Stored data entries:
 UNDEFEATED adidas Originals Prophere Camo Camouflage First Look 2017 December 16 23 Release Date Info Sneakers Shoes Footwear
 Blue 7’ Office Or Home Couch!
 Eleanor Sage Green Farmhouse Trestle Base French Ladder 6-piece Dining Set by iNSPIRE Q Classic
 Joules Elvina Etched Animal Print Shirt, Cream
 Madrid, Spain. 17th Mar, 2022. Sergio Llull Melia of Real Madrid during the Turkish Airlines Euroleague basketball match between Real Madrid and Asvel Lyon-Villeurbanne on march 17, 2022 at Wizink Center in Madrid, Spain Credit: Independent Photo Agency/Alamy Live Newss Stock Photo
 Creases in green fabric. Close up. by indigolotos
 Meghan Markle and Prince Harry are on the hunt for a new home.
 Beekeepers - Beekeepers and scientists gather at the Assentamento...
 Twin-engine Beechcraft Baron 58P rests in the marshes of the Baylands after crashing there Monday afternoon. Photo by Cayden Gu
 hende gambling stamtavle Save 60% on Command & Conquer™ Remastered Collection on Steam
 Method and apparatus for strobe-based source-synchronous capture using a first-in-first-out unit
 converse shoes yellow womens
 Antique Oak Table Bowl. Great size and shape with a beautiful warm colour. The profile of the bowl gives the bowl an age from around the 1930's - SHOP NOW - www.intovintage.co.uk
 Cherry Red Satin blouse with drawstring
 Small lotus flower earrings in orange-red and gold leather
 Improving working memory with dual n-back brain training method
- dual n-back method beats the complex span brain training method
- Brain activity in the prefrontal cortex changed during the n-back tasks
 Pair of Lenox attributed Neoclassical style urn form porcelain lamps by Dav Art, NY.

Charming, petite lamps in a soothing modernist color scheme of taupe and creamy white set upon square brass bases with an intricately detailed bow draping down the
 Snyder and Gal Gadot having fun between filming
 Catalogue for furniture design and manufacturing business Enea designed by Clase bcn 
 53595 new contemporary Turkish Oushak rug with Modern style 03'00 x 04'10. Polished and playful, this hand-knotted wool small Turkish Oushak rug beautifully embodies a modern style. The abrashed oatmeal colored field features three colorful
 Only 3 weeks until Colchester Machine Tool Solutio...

Problem description: An exact, complete copy of the lines above from the one with "Antique Oak Table" through the one with "Cherry Red Satin blouse with drawstring" is the whole answer.

Task result:
 Antique Oak Table Bowl. Great size and shape with a beautiful warm colour. The profile of the bowl gives the bowl an age from around the 1930's - SHOP NOW - www.intovintage.co.uk
 Cherry Red Satin blouse with drawstring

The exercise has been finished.